That's all it takes man.  :Smilie:  

Glad you are feeling better

----------


## Frank S.

Whoa! I haven't been on this forums for a few days and look what I've missed.  :EEK!:  

Good to hear you're ok mr. Watanabe.

----------


## Jerry Spencer Mings

My most sincere wishes for a speedy and full recovery.

----------


## CarlRutledge

I still say this thread should become a sticky, that aside Mr.Watanabe I just wanted to give you my well wishes since I forgot to do so earlier.

----------


## B.Sweet

Best wishes for a fast and easy recovery!

----------


## Chris Thomas

H. Watanabe

I am glad to hear that your doing all-right.

My best wishes.

----------


## Dan L. Petersen

H. Watanable,

I wish you a speedy recovery both physically and mentally. You have my thoughts and prayers.

Dan

----------


## CarlRutledge

"breathes in" Can't you just feel the love myan! :Big Grin:

----------


## michael wilson

lets not scapegoat  cheness and PY Chen 

If TJ was using the higo to chop timber and tree trunks , bracken etc  - for 2 yrs + and then used a twig to replace the mekugi  - well folks any high end production sword would have failed from such abuse  - 

I am so glad hajuke is up and about  - this has been on my mind so much lately 
i went home the other night and shimmed a tsuka core I have as it was not 
bomb proof tight , then I changed the mekugi in two other katana  - 

I hope this sticky helps prevent another tragic accident from happening 

and Mrs Tinkers words of wisdom are priceless - do not use a sword when angry 
or if some ones cutting and is in a foul mood walk away  - sage advice .


Mick

----------


## Kevin Murphy

Sounds like you've been through the meatgrinder, Mr. Watanabe. Heal up, warrior, I'll be praying for you. I hope the other guy has learned something. This reminds me not to overestimate my ability. It's sad the lesson came at great cost and suffering to you.... :Frown:

----------


## Jeffery Hudson

Best wishes for a speedy recovery and peace of mind for all involved.

----------


## LucasMolina

hope ya get better.

----------


## Keith L.

I will keep you both in my prayers.

----------


## Tim Geelen

I really hope that you will fully recover from your injuries.
This is a terrible tale.. I hope it can be used in the future as a warning for others.

Get well!

----------


## Julius D.

From my family to yours; God bless and get well soon.

----------


## Dan Aronowitz

I hope your recovery is going well.

This thread has certainly made me more aware of the possible dangers of using swords.  It is always a good idea to use common sense and to be vigilant at all times.  Your ordeal will be in my memory and serve as tool of caution for my future practices with weapons in general.

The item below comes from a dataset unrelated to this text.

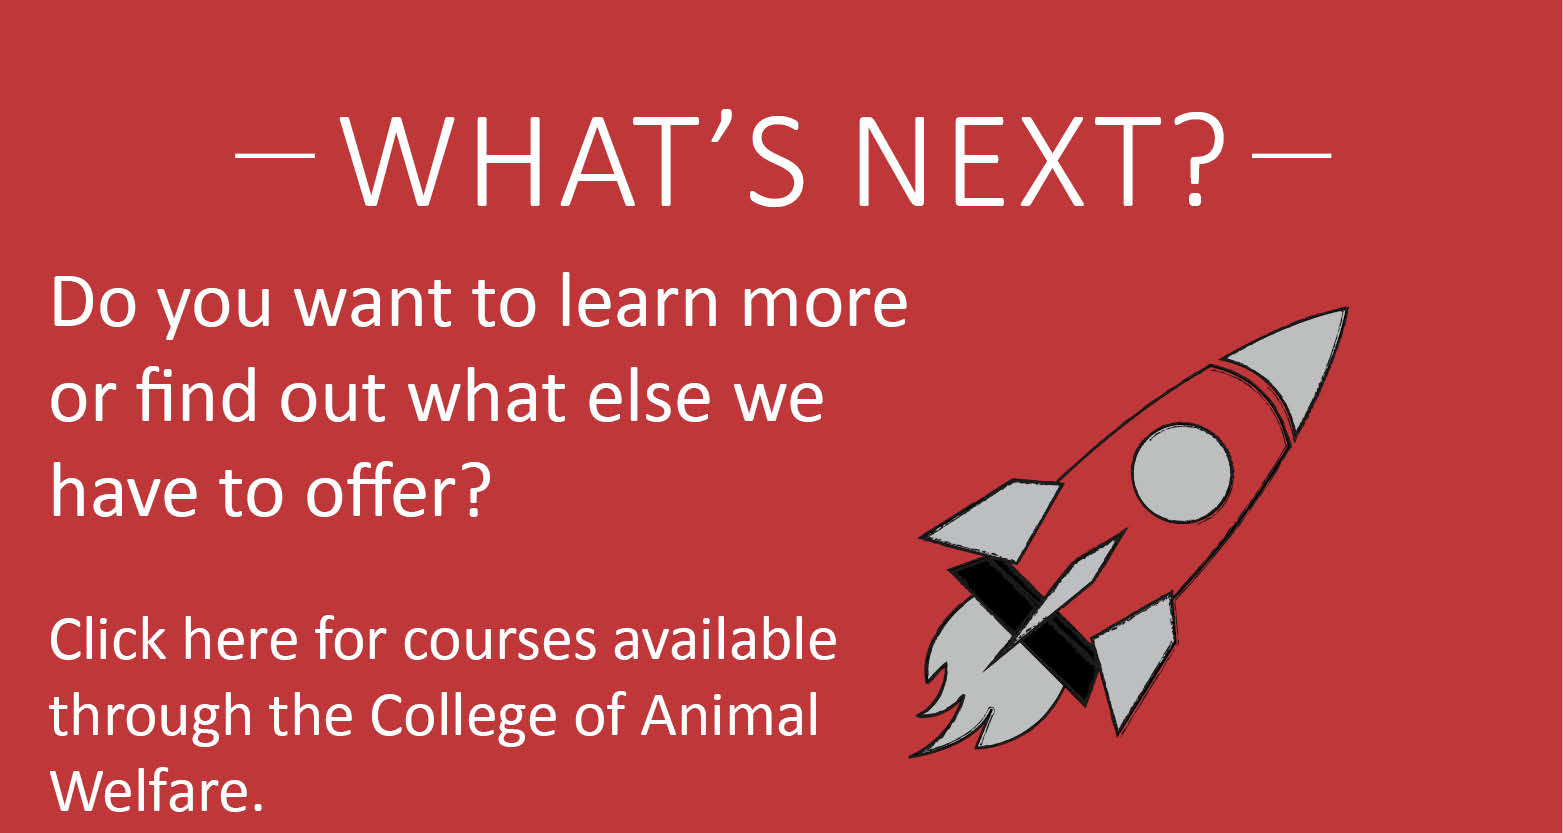 More courses at The College of Animal Welfare
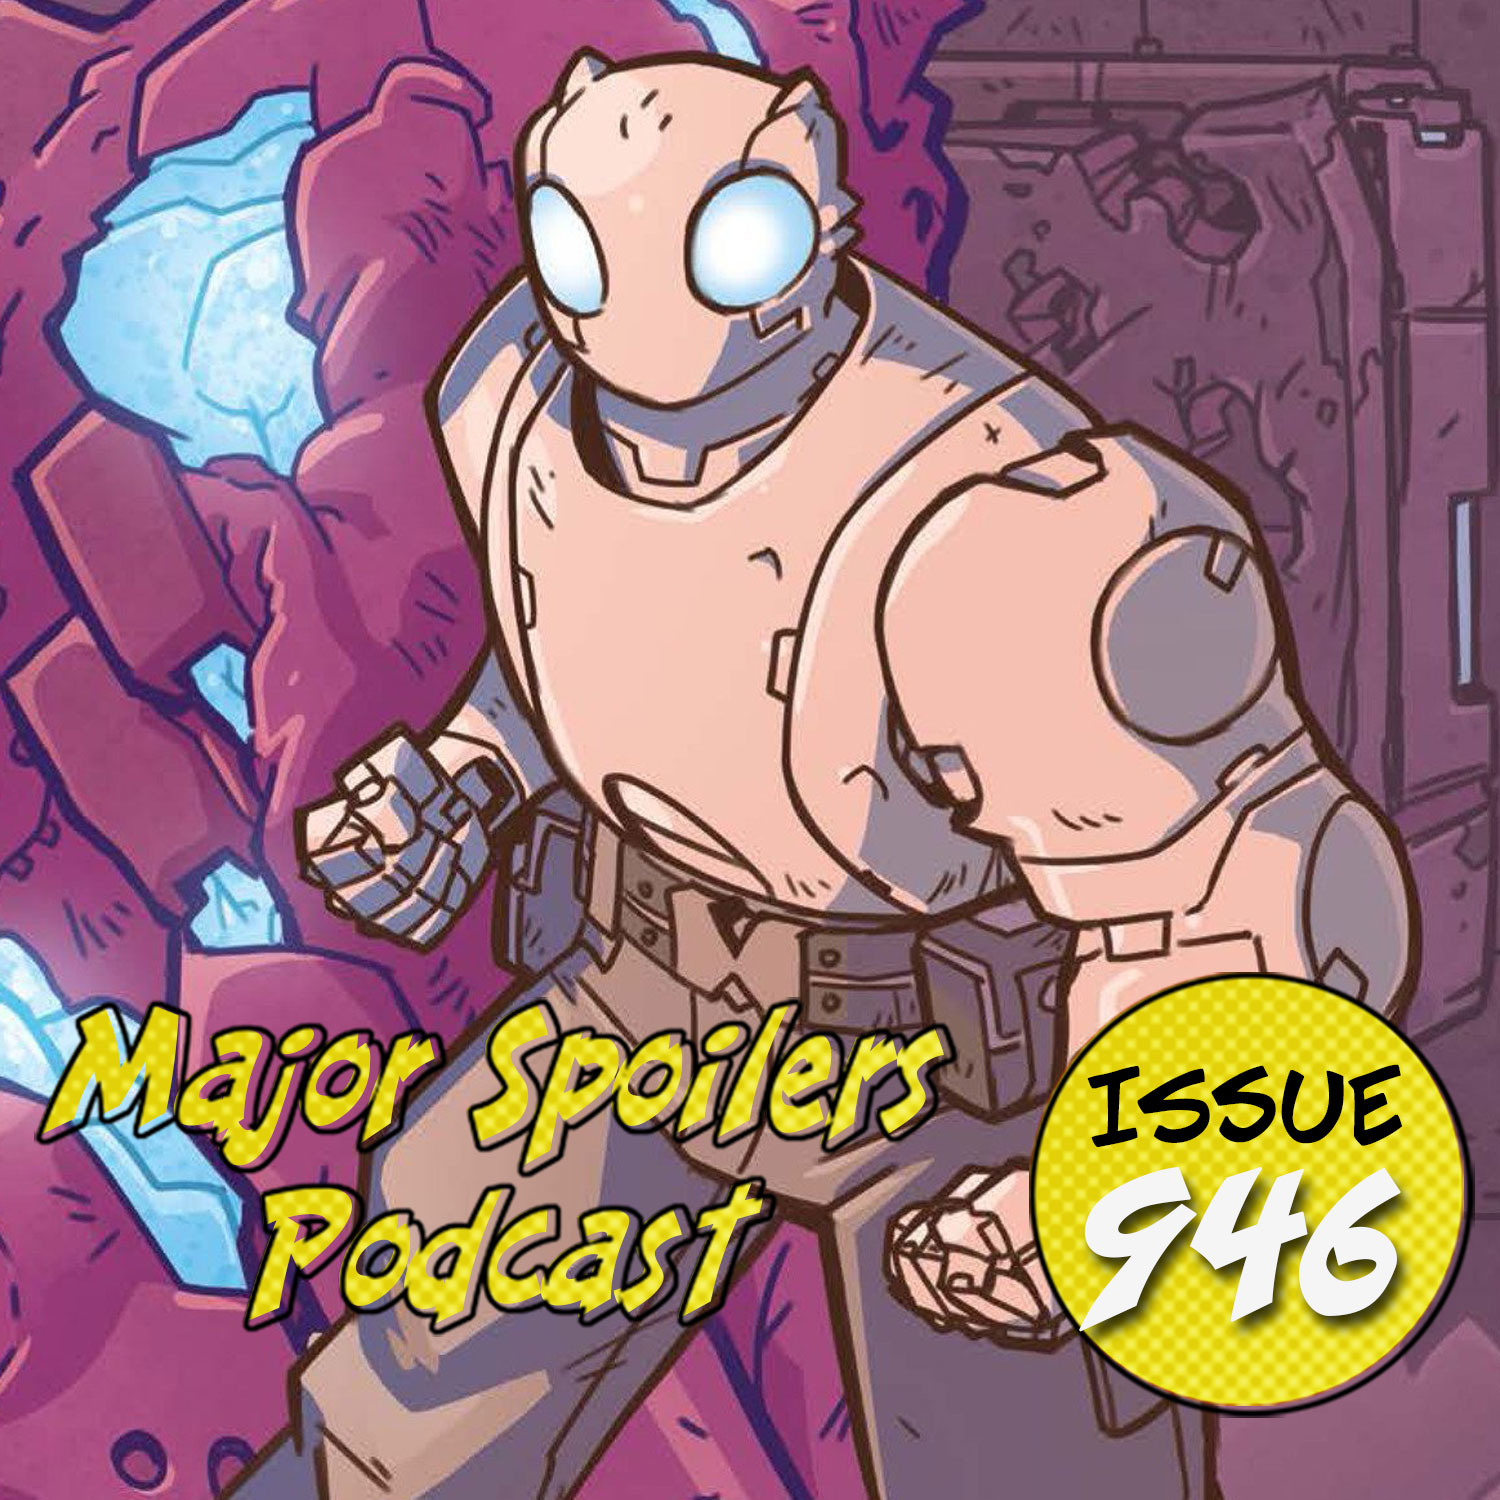 Major Spoilers Podcast #946: Atomic Robo and the Spectre of Tomorrow

My best wishes to you and your family for a happy and healthy future!

-Dan

----------


## sal v.

i had no idea...i hope that the cheness higo did not do such a horrible thing... i love cheness blades, i was given this link by another. i kind of idolize him, for making functional blades for such a low cost, and still being durable. i guess i was wrong huh.....i may be 14, but i thought that i was past foolish optimism..... the japanese sword means so much too me, too much, i cannot let it go....i would risk any injury, despite the fact that i am careful. i hope you  get well very soon...

----------


## Tee Jay price

I am sorry for what has happened.
I hope your husband recovers, and that he is more careful about whom he teaches in the future...
I also feel badly because my initials are also T.J., and the one in question needs to control his temper better as well as make sure he isn't training with sub-standard equipment.

----------


## Maximus L.

If the katana is a 3,000 dollars authentic shinken, would this still happen?

I believe the blade should not be blamed, but rather the owner of the blade. If the sword was used as an axe and the mekugi was replaced with a twig, you can expect what would happen.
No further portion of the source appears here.